一気にこじ開けられ、シドの舌がイリアの中を犯していった。

「……んっ…んん」

いつにも増して乱暴に、歯列をなぞり、
イリアの舌を絡め取る。

呼吸ができず、苦しさを訴えようとシドの胸板を叩くが、
その手も掴まれ壁に縫い止めると、なお口づけを深めていった。

(……もう、限界…)

意識が飛びそうになった瞬間
シドは、やっとイリアの唇を離した。

「…はぁっ、はぁっ…んはぁっ……」

イリアの目には涙が浮かび、
暑さのせいなのか
先程からの目まぐるしい展開のせいなのか
吹き出す汗が顔の輪郭をつたっていく。


イリアのその顔を見ると、シドは満足げにいつものせせら笑いを浮かべた。

「たまんねぇな…」

そして、放心状態のイリアをそのまま置いて去ろうとした。


「……えっ…あ……」

「……シャワーでも浴びて着替えて来い。

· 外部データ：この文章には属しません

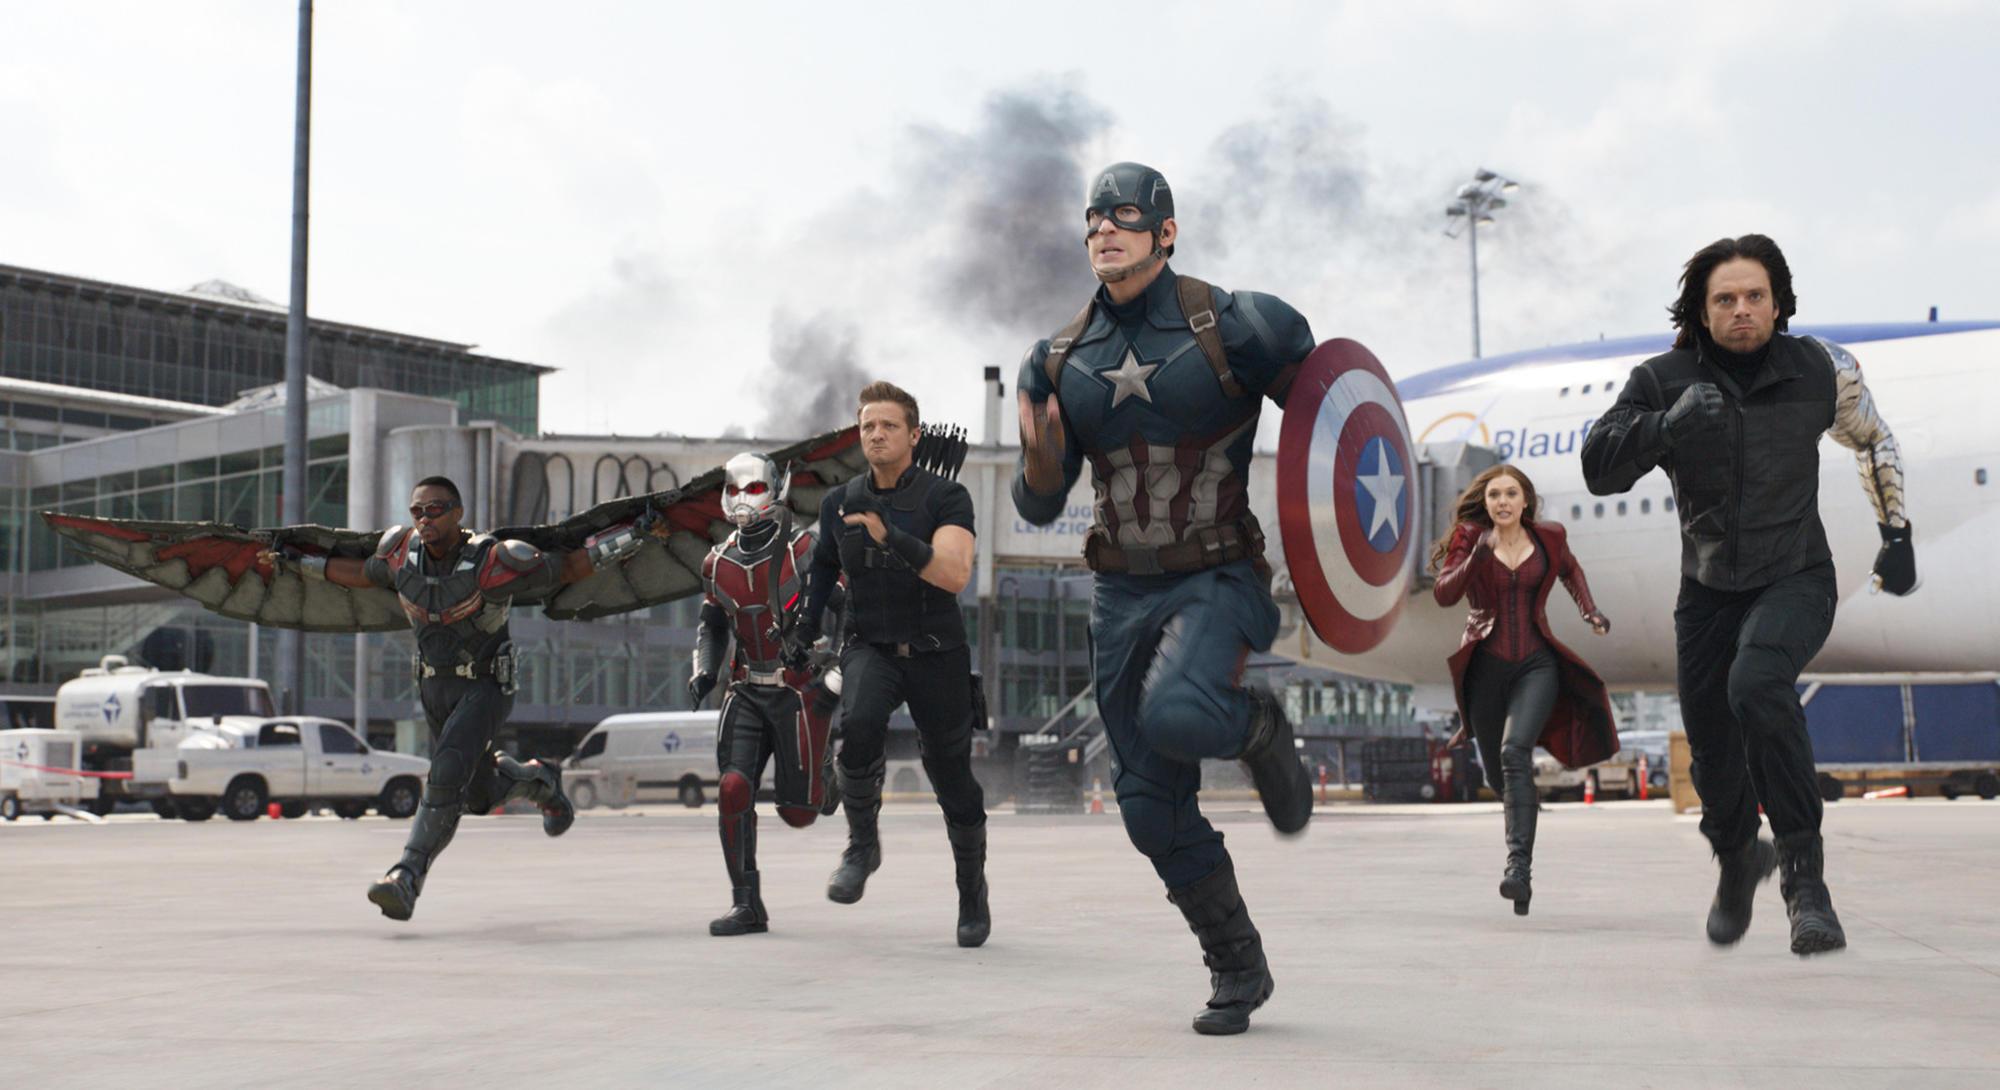 'Captain America: Civil War,' minus the explosions, an ensemble drama like 'The Good Wife'?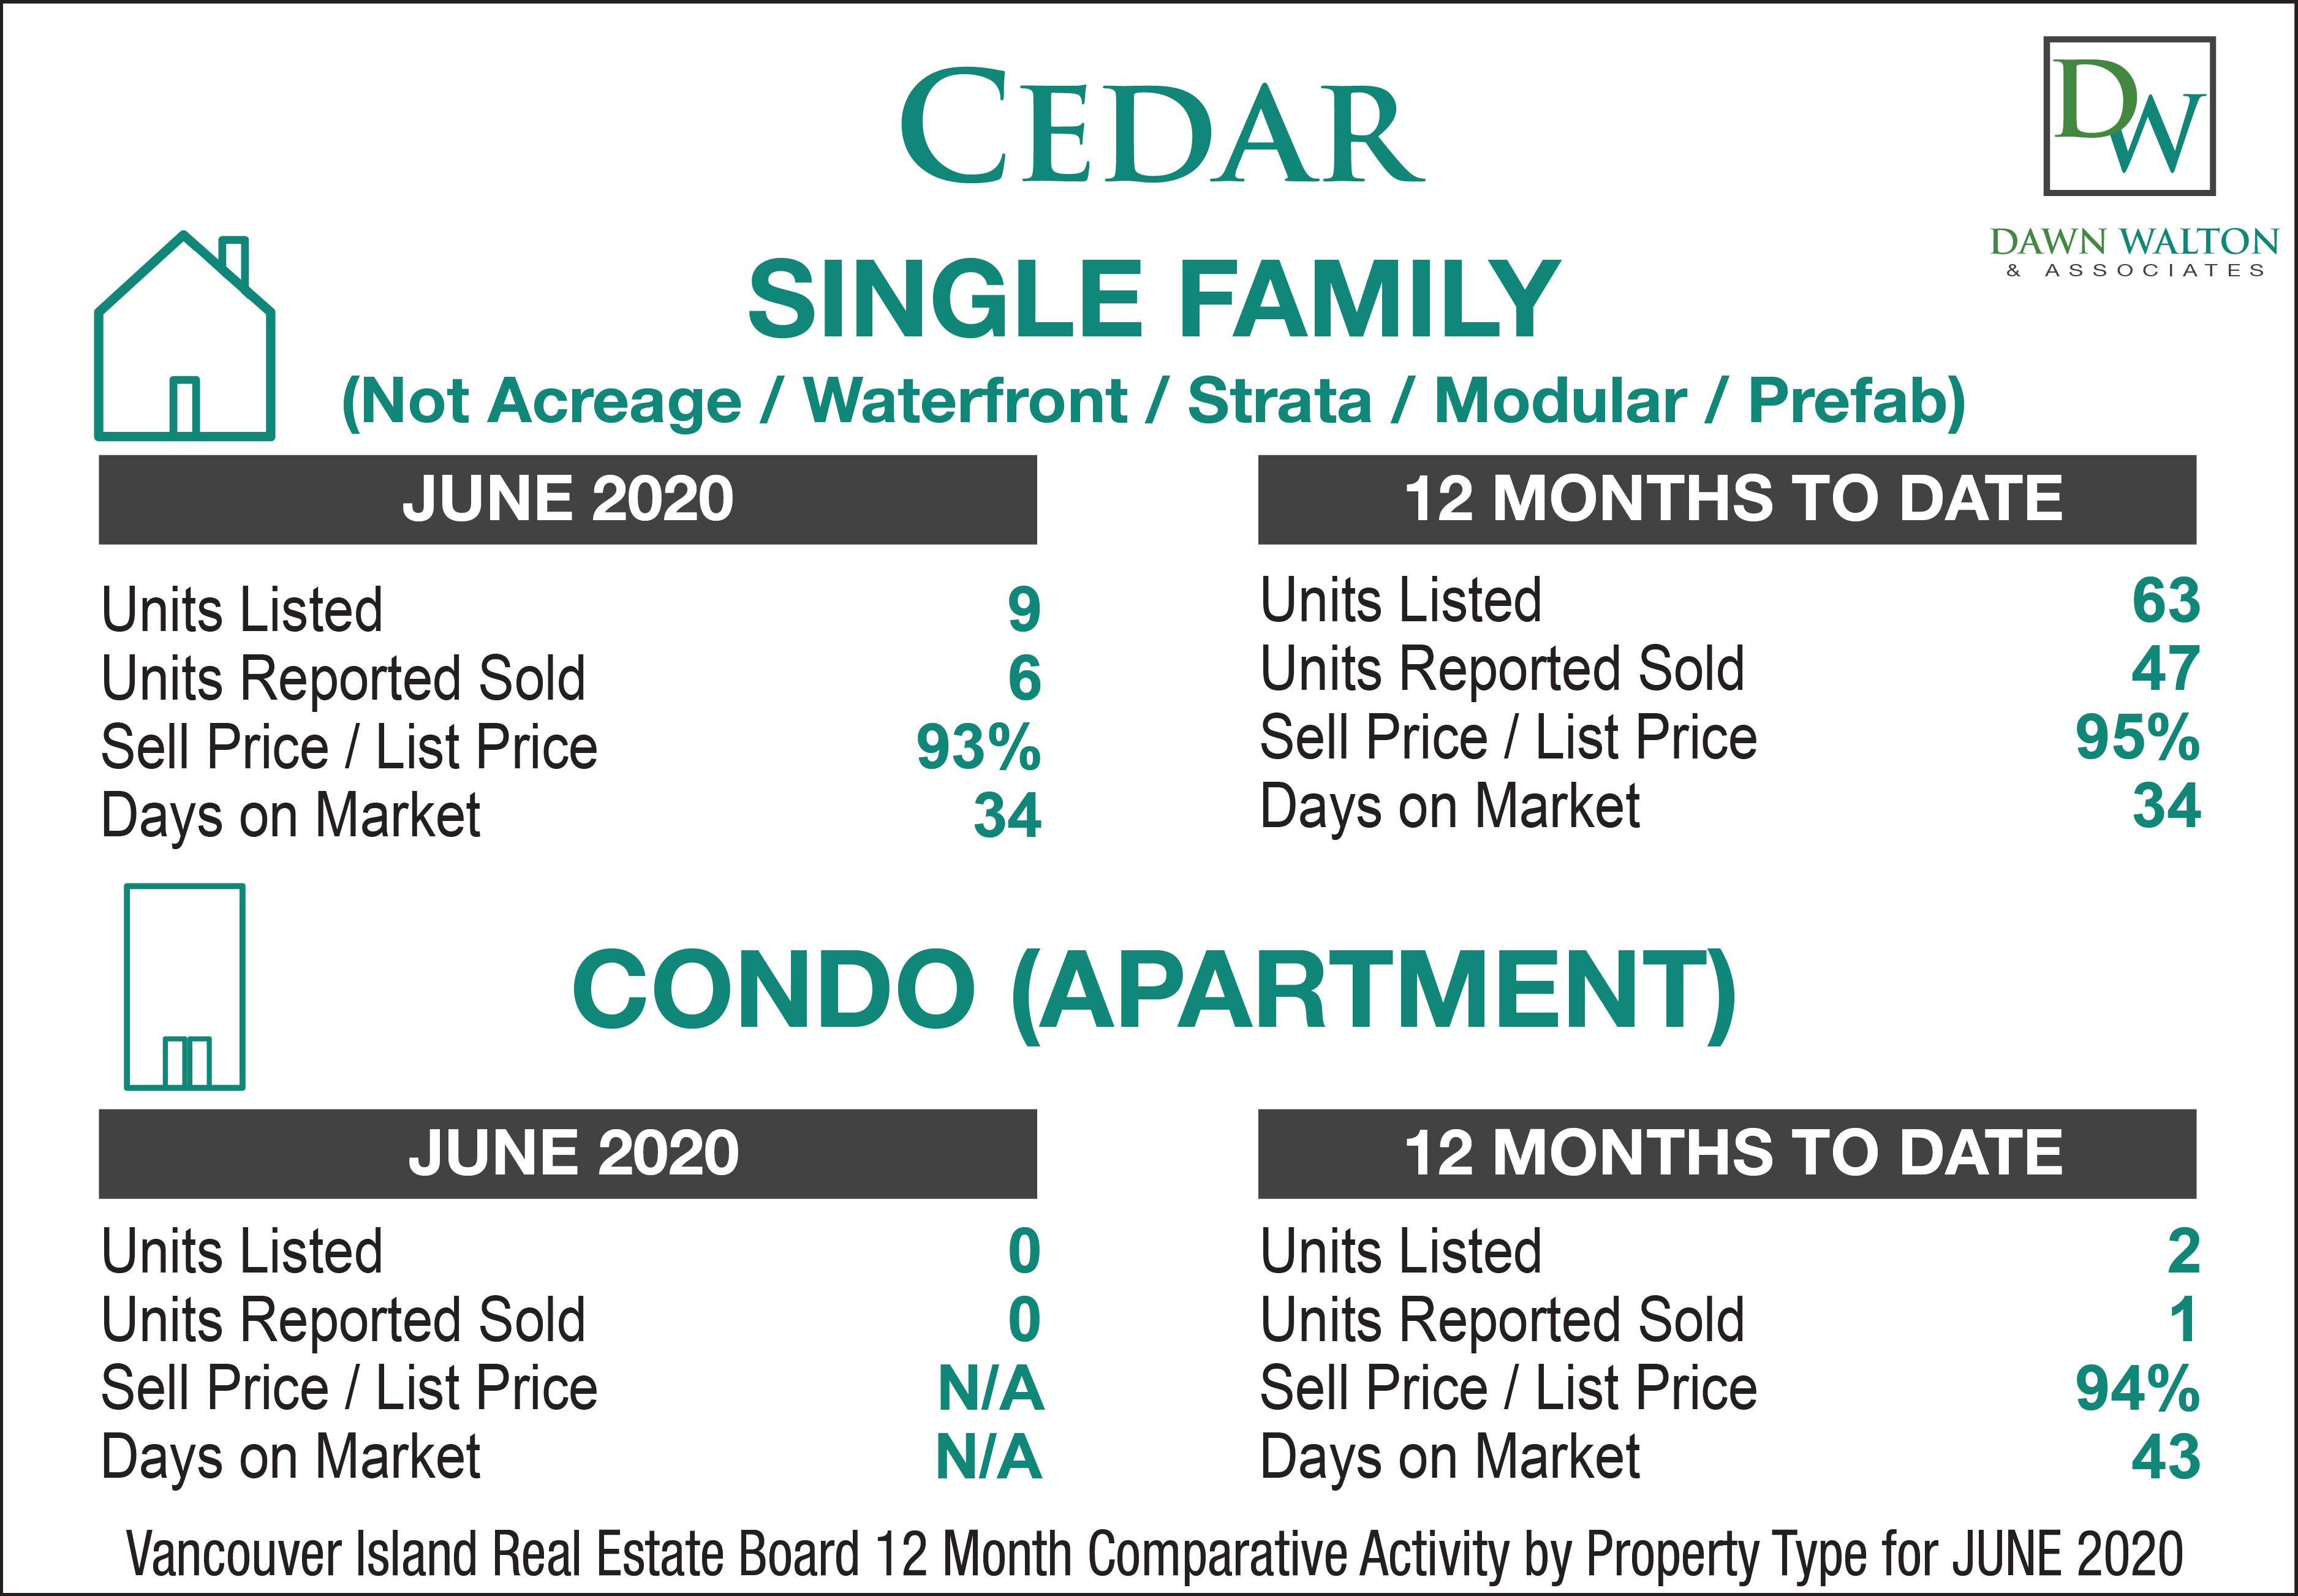 Cedar Real Estate Market Stats June 2020 - Nanaimo Realtor Dawn Walton

だせぇ服着てくんじゃねーぞ」

手をひらひらとさせてシドは行ってしまった。



(……勝手すぎる)



鼻の奥に残る、僅かなシドの香りに
胸がチクリと痛む。

イリアは、シドとの余韻を確かめるように
自分の唇を指でそっとなぞった。














シドが指定してきたレストランは
城下町の外れにあるが、喧騒から離れ緑に囲まれた高台にあった。

各テーブルが離れており、個室にはなっていないが独立した空間になっている。

それ以外にもテラス席、奥にはVIP用の個室もあった。


約束の時間より少し早く到着したイリアは
受付で名前を告げると

奥のVIPルームへと案内された。

「シド様はまだお見えではありませんが、こちらでお待ち下さい」

通された部屋は、王宮ほどではないものの
豪奢な照明や飾りの並んだ、きらびやかな部屋だった。

(うわー・・・すごい・・・)

まったく落ち着かないその部屋で、イリアは一人椅子にかけてシドを待った。